| Copyright
|
BT’s “Hyperlinking” Patent Litigation Fails
by Glen Sauer, Blake Dawson Waldron
Glen Sauer, solicitor at Blake Dawson Waldron, considers the decision in British Telecom's patent infringement action against Prodigy Communications Crop, further to our coverage of this case in the June, September and December 2002 issues of Computers & Law. In addition, the article highlights the pitfalls of pursuing patent claims, particularly where the patent owner has an overly optimistic view regarding the scope of their patent.
Glen Sauer is a lawyer in the Technology Group of the Sydney office of Blake Dawson Waldron. Glen practices in both commercial and litigious matters involving information technology, media (including defamation) and intellectual property law. Glen has a particular interest in the Internet, having been a member of the BDW legal team advising a number of media organisations who intervened in the recent Gutnick v Dow Jones High Court proceedings involving defamation via the Internet. Glen has also recently returned from an 8 month secondment as in-house lawyer with the Australian subsidiary of Global eXchange Services, Inc, which operates one of the world's largest B2B e-commerce networks. He graduated from Flinders University of Soth Australia in 1999 with Honours in Law and a Bachelor of Arts, majoring in Politics and International Relations.
On 22 August 2002, McMahon J of the US District Court, Southern District of New York, handed down summary judgement in British Telecommunication plc's ("BT") action against Prodigy Communications Corp ("Prodigy") for infringement of BT's US Patent 4,873,662 (known as the "Sargent patent").[1]
In the United States, a party is entitled to summary judgement when there is no "genuine issue of material fact" and the undisputed facts warrant such summary judgement. Summary judgement in the context of patent infringement proceedings is appropriate if the Court, drawing all reasonable inferences in favour of the patent holder, concludes that no reasonable jury could find infringement.
BT claimed that Prodigy had, by a variety of means (discussed below), infringed its Sargent patent which, it claimed, was essentially a patent for hyperlinking, a technology essential to navigation of the World Wide Web (the "Web").[2] McMahon J granted Prodigy's motion for summary judgement on the grounds that, as a matter of law, no jury could find that Prodigy infringed, contributed to the infringement of, or actively induced others to infringe, the Sargent patent.
BT has not indicated whether it will appeal the decision.
Background to the Proceedings
The Sargent patent was initially filed in the United States on 12 July 1977, but was not issued until 1989. It is unclear exactly why BT's claim was granted so long after it was filed.
However, according to David Weaver (of Houston-based law firm Vinson & Elkins, who acted on behalf of Prodigy), the United States Patent and Trademark Office refused to accept BT's claim for twelve years, because the patent application contained nothing new.[3] BT has stated that it "rediscovered" the patent in a routine audit of its patents in 1999.

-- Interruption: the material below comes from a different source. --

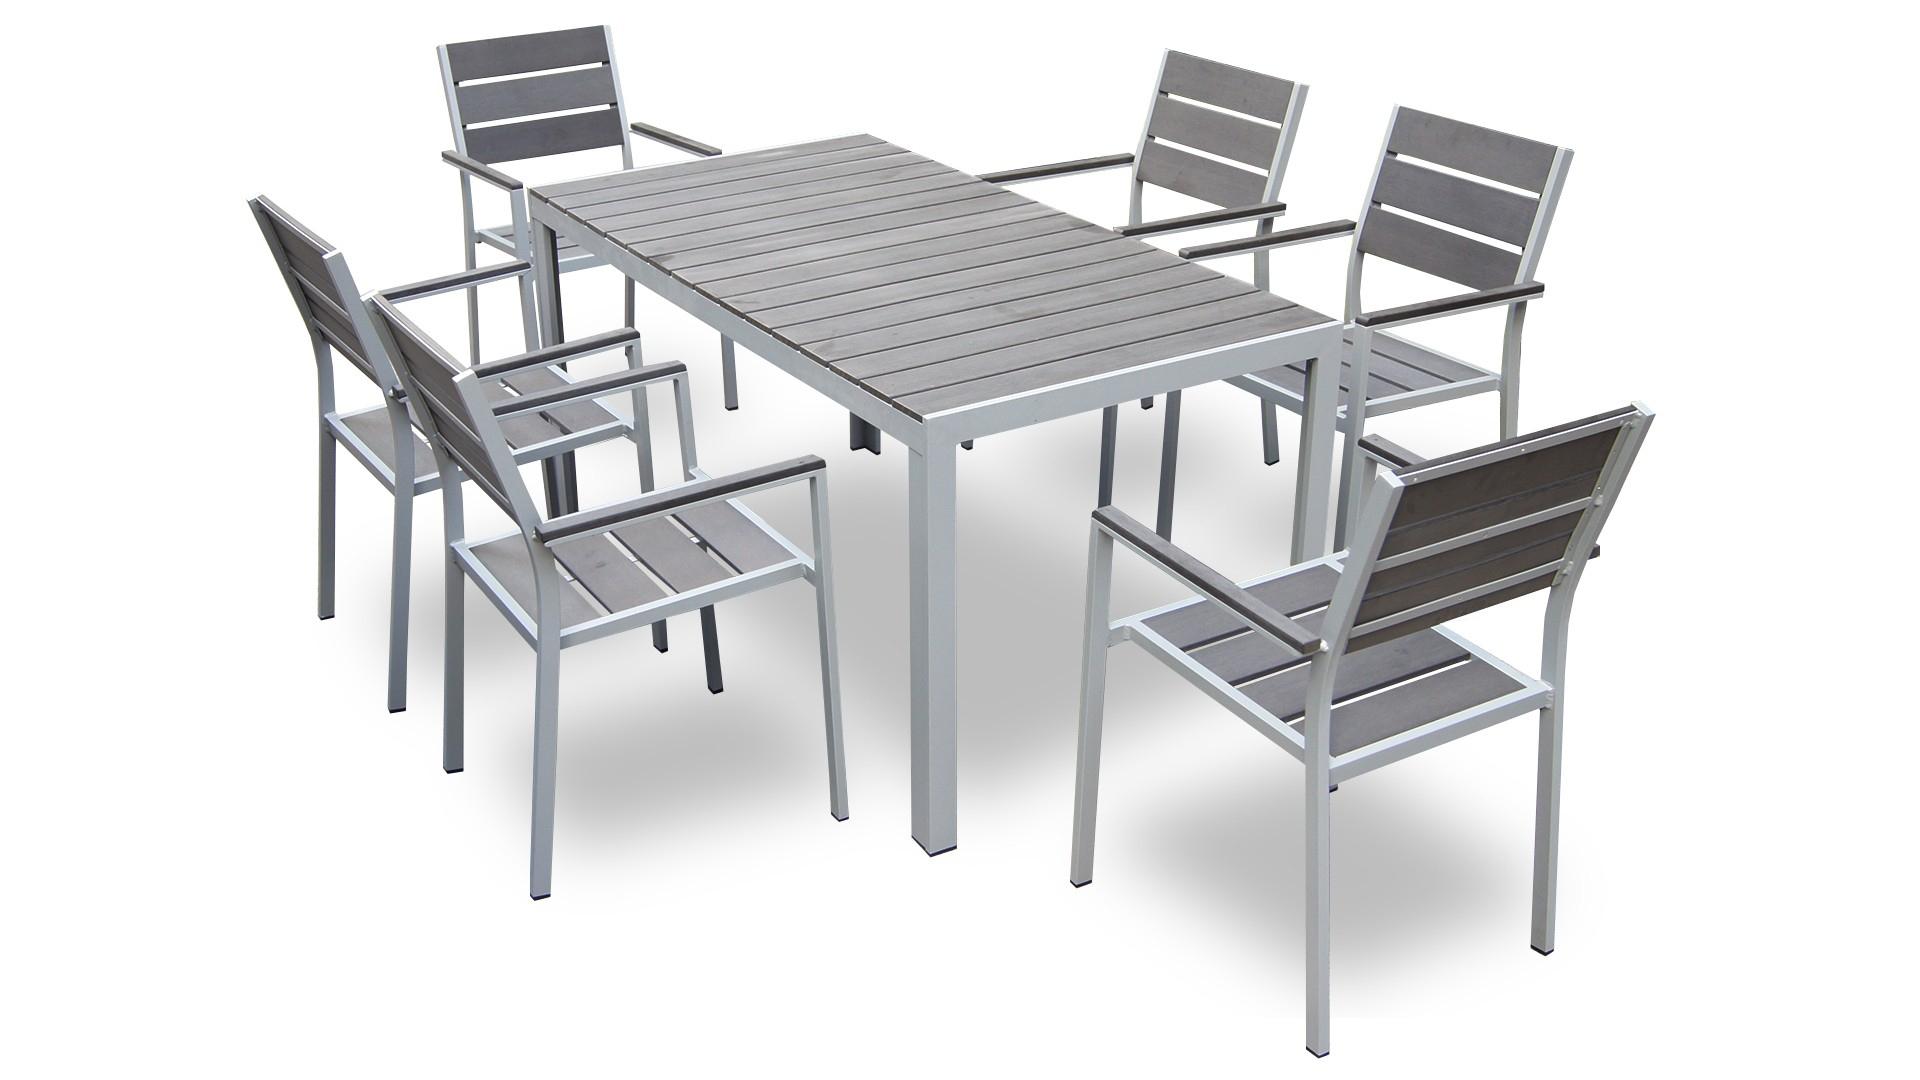 Table Chaise Jardin Pas Cher Chaise Jardin Promo Table Pour ... dedans Table De Jardin Promo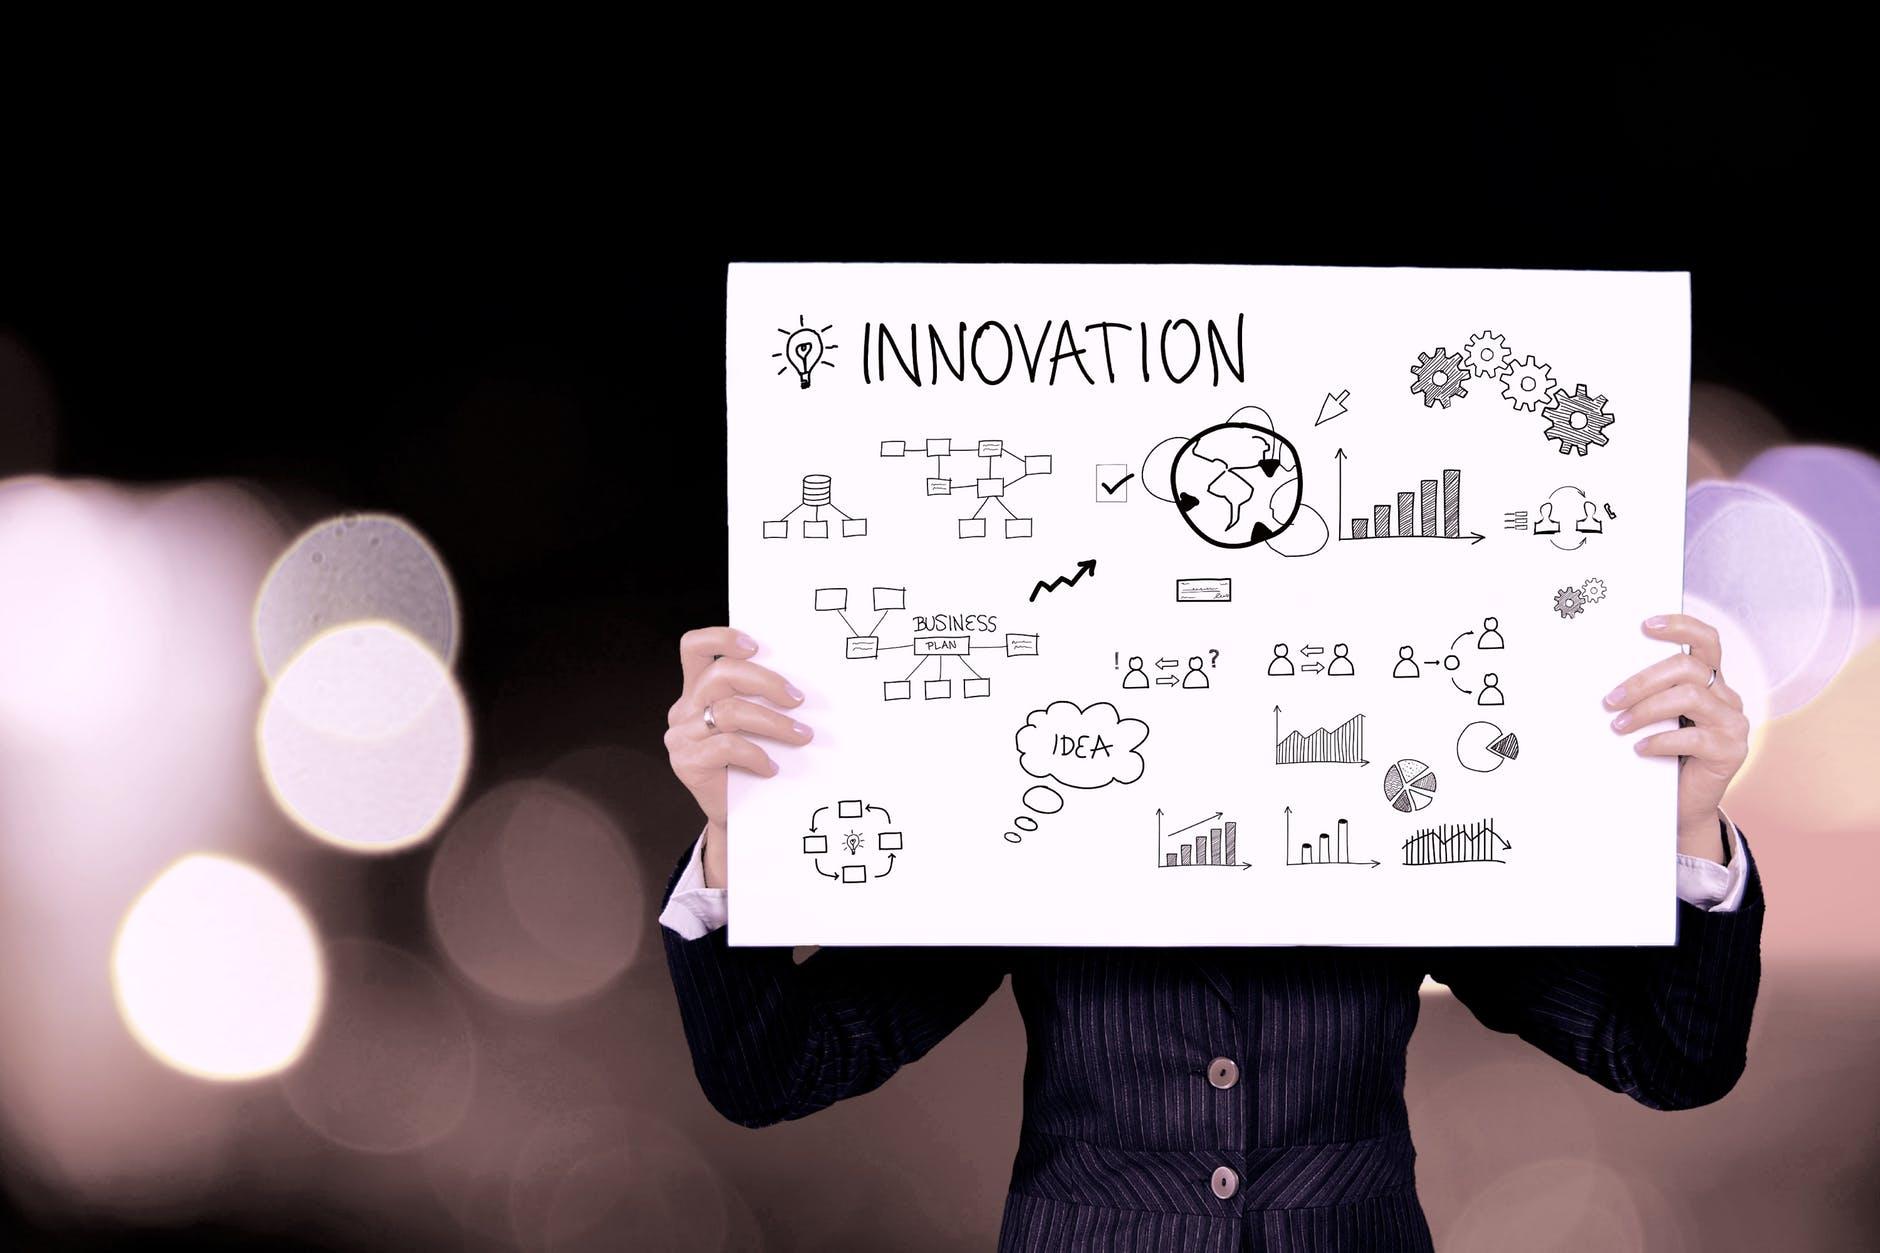 Comment obtenir un avantage concurrentiel grâce à l'innovation ?

BT claimed that the Sargent patent was a system in which numerous users access data stored on a central computer via remote terminals. BT asserted that Prodigy's web servers provided access to information in a manner that literally infringed the Sargent pattern. BT also alleged that the Internet infringed the Sargent patent and that Prodigy facilitated that infringement by providing subscribers with software and encouraging them to access pages of information from web servers maintained by third parties. Prodigy denied infringement and counter claimed seeking revocation of the Sargent patent.
BT chose to sue only Prodigy, rather than other ISPs, for tactical reasons. In the United States Federal Court, which hears all patent appeals in the United States, there is a rebuttable presumption of "laches", which defeats a patent infringement claim which arises more than six years after a patentee knew or should have known of an infringement of their patent. BT's claim against Prodigy fell within the six year period and a laches argument probably could not have been sustained by Prodigy. In addition, since Prodigy was the first ISP in the United States to offer World Wide Web access, no other ISP in the United States could argue laches. Accordingly, BT's suit against Prodigy was a test case. If successful, BT was expected to attempt to collect royalties for the use of hyperlink technologies from other ISPs and other entities in the United States.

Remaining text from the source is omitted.